Single by Chris Lane

from the album Laps Around the Sun
- Released: October 8, 2018
- Genre: Country
- Length: 3:27
- Label: Big Loud
- Songwriters: Ashley Gorley; Michael Hardy; Hunter Phelps; Jameson Rodgers;
- Producer: Joey Moi

Chris Lane singles chronology
| "Take Back Home Girl" (2017) | "I Don't Know About You" (2018) | "Big, Big Plans" (2019) |

= I Don't Know About You =

"I Don't Know About You" is a song recorded by American country music singer Chris Lane. It was released in 2018 as the second single from his second major-label album Laps Around the Sun.
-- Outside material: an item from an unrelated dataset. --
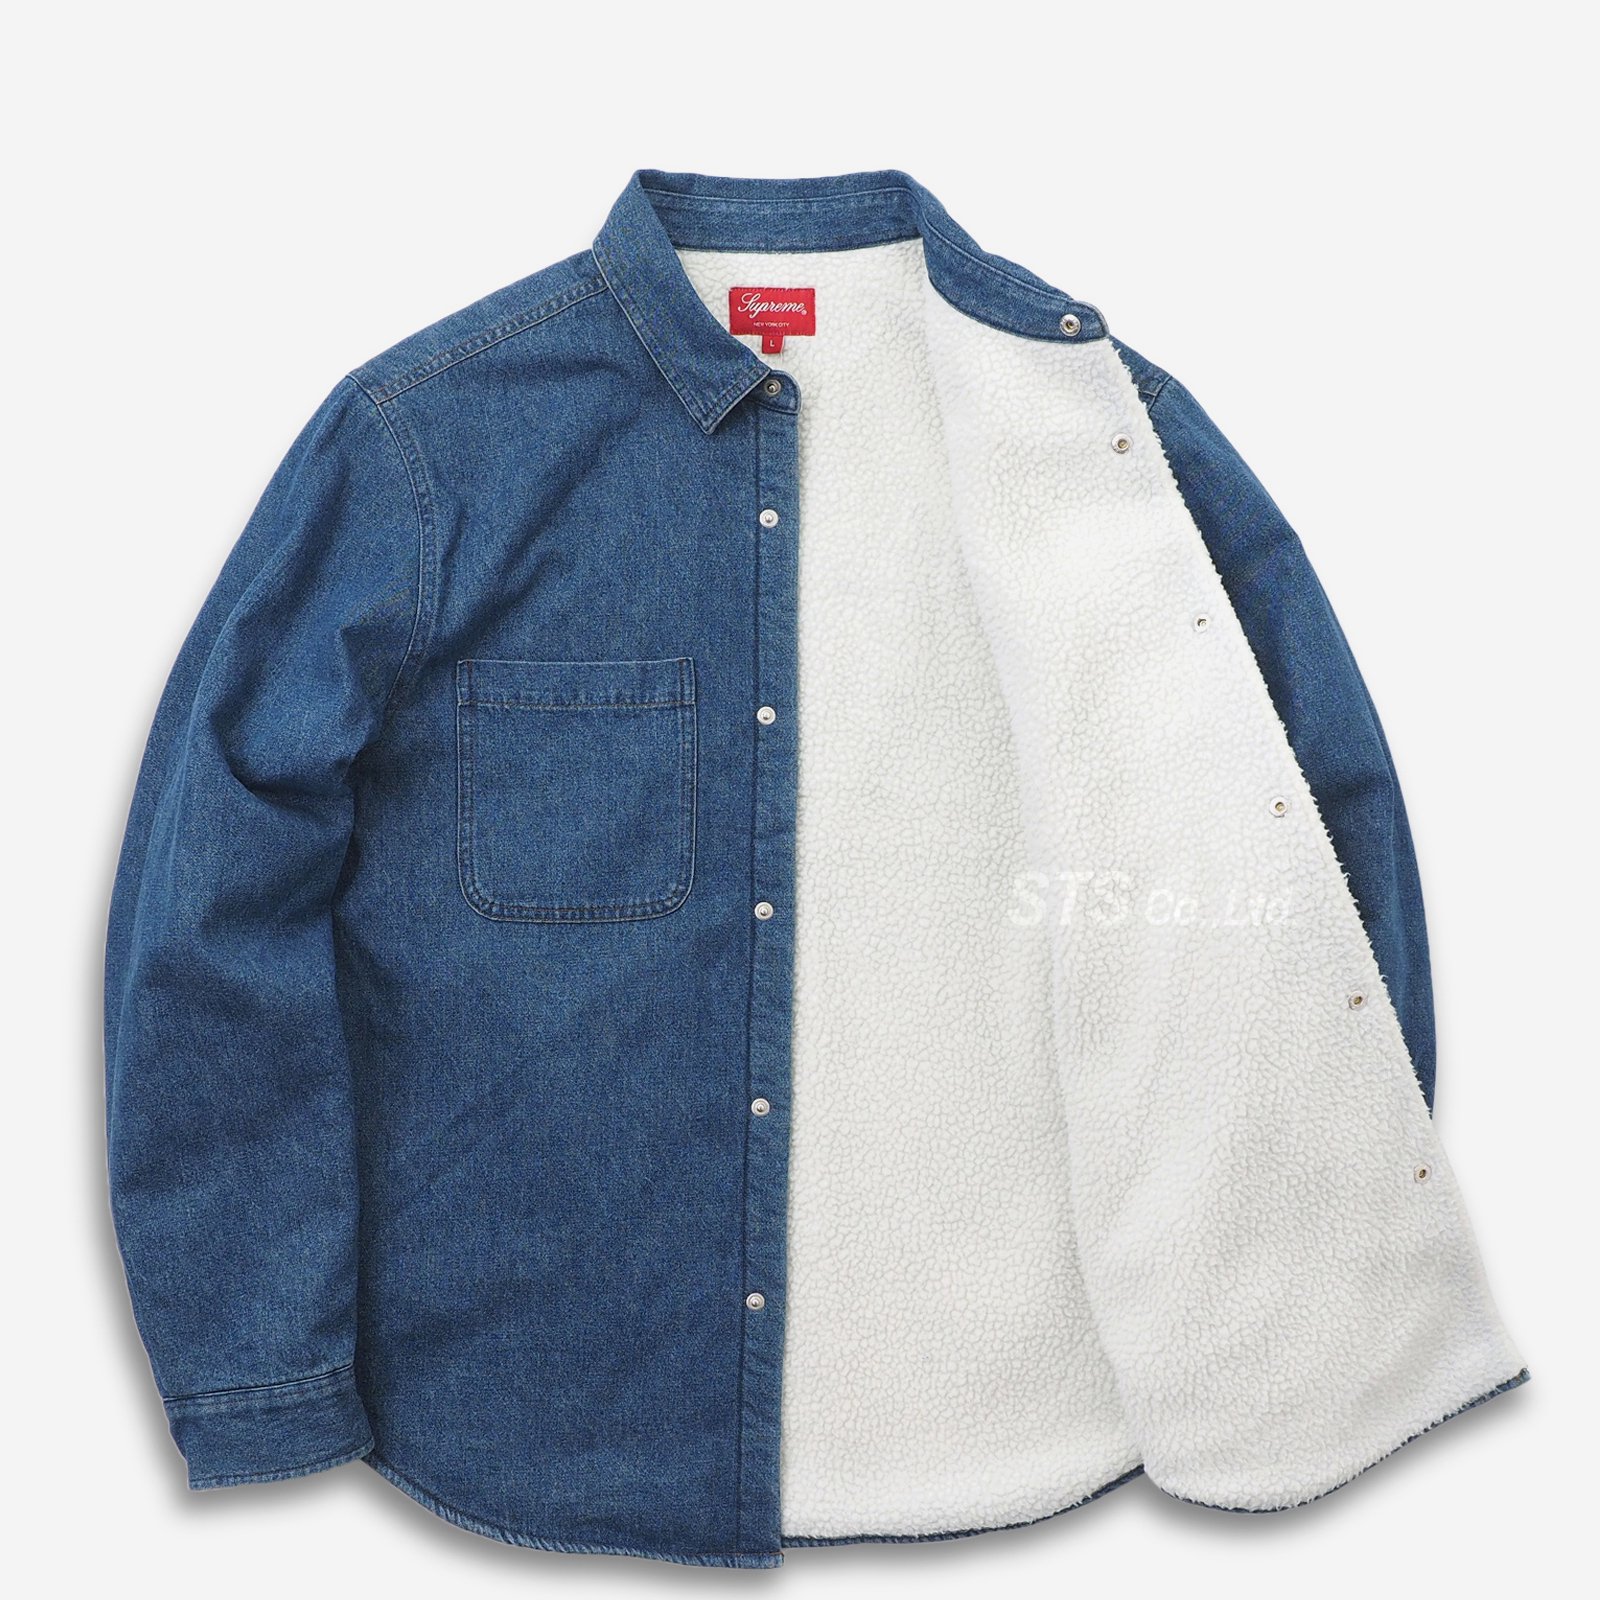 【Mサイズ送料込】シュプリーム Sherpa Lined Denim Shirt

Ashley Gorley, Michael Hardy, Hunter Phelps, and Jameson Rodgers are the song's writers.

==Content and history==
Taste of Country describes the song as a "slow jam" which "finds the singer walking into a bar to find a girl he's determined to get to know." It features a "rhythmic singing style" in which the song's narrator wants to get to know a woman more closely after encountering her in a bar.
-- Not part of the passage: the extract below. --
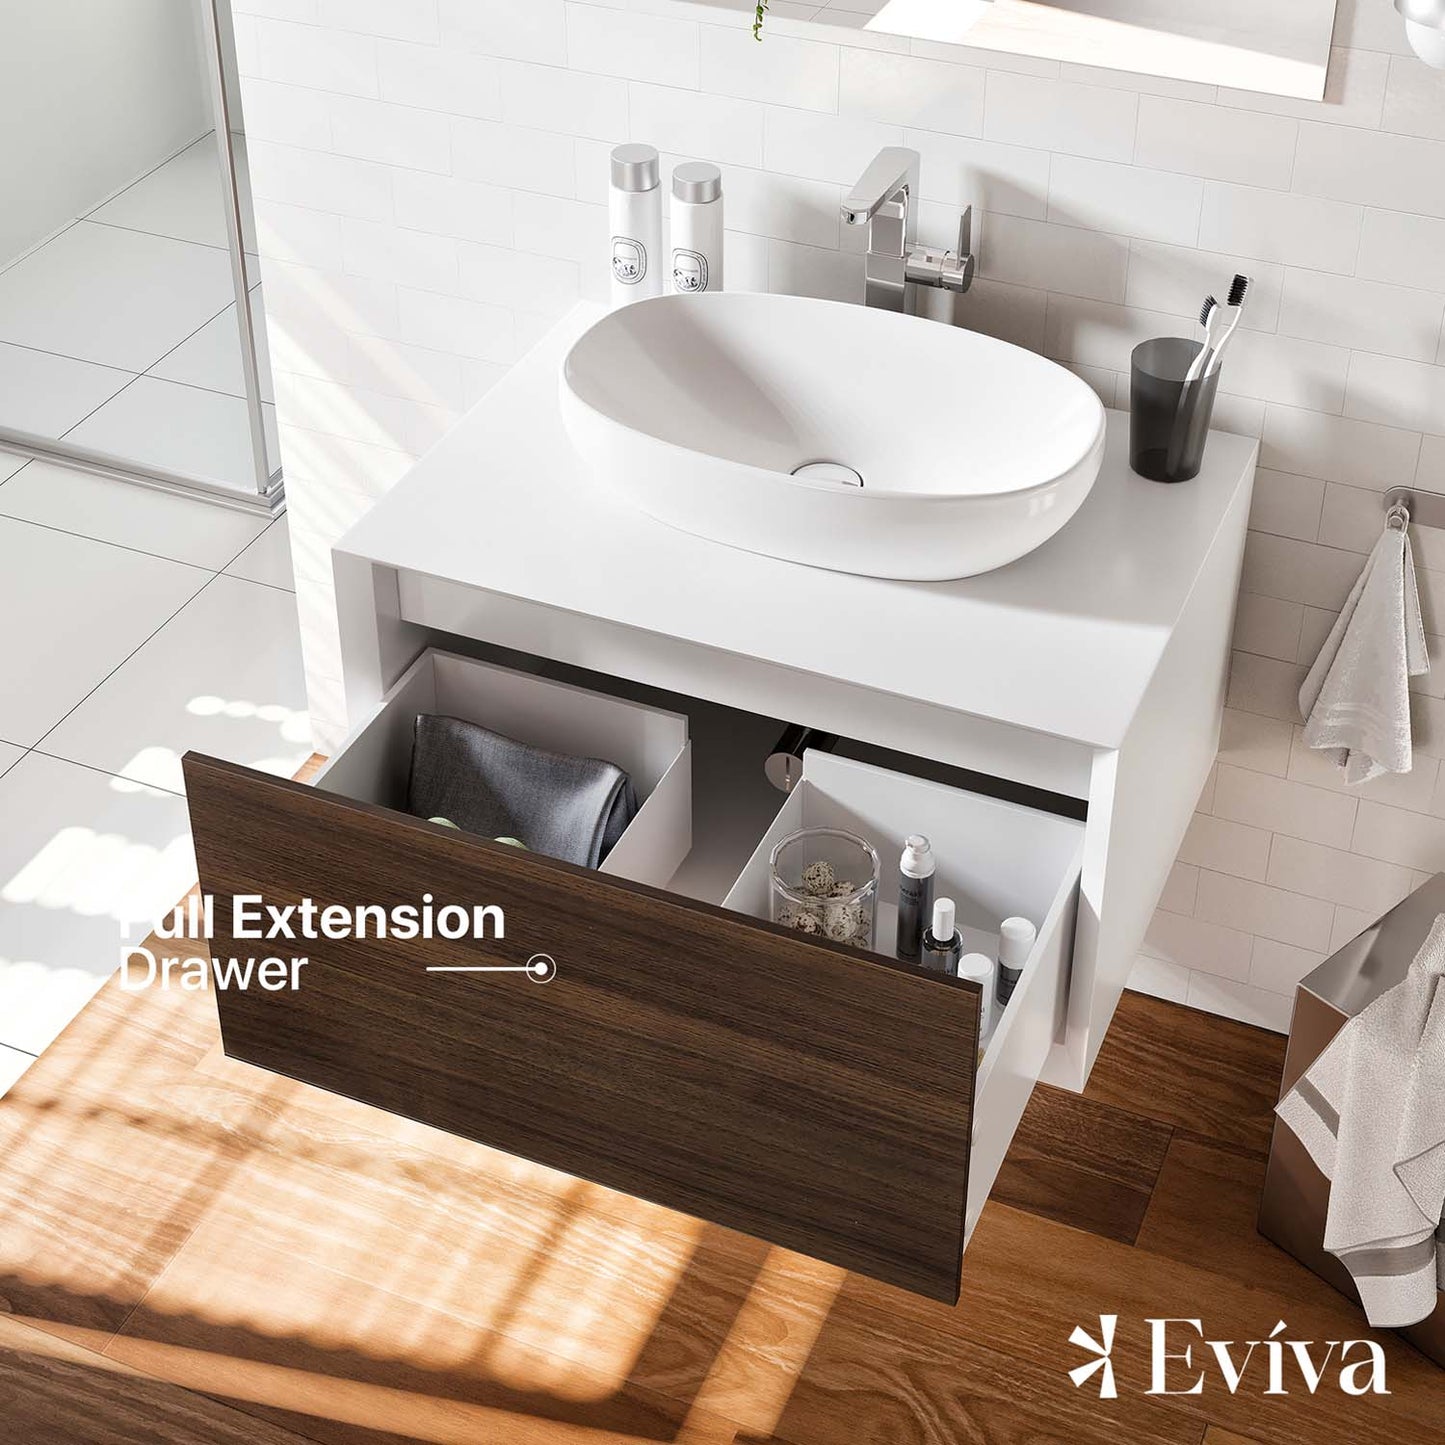 Eviva Santa Monica 30 in. Gray Oak Wall Mount Bathroom Vanity with White Acrylic Vessel Sink

==Commercial performance==
The song was certified Gold by the RIAA on June 20, 2019, for half a million units in sales and streams. It has sold 175,000 copies in the United States as of January 2020. In 2022, it was certified triple platinum for 3,000,000 equivalent units.

==Charts==

===Weekly charts===

| Chart (2018–2019) | Peak position |
|---|---|
| Canada Hot 100 (Billboard) | 85 |
| Canada Country (Billboard) | 1 |
| US Billboard Hot 100 | 39 |
| US Country Airplay (Billboard) | 1 |
| US Hot Country Songs (Billboard) | 2 |
| US Rolling Stone Top 100 | 66 |

===Year-end charts===

| Chart (2019) | Position |
|---|---|
| US Country Airplay (Billboard) | 14 |
| US Hot Country Songs (Billboard) | 14 |

==Certifications==

| Region | Certification | Certified units/sales |
| Canada (Music Canada) | 2× Platinum | 160,000^{‡} |
| United States (RIAA) | 3× Platinum | 3,000,000^{‡} |
^{‡} Sales+streaming figures based on certification alone.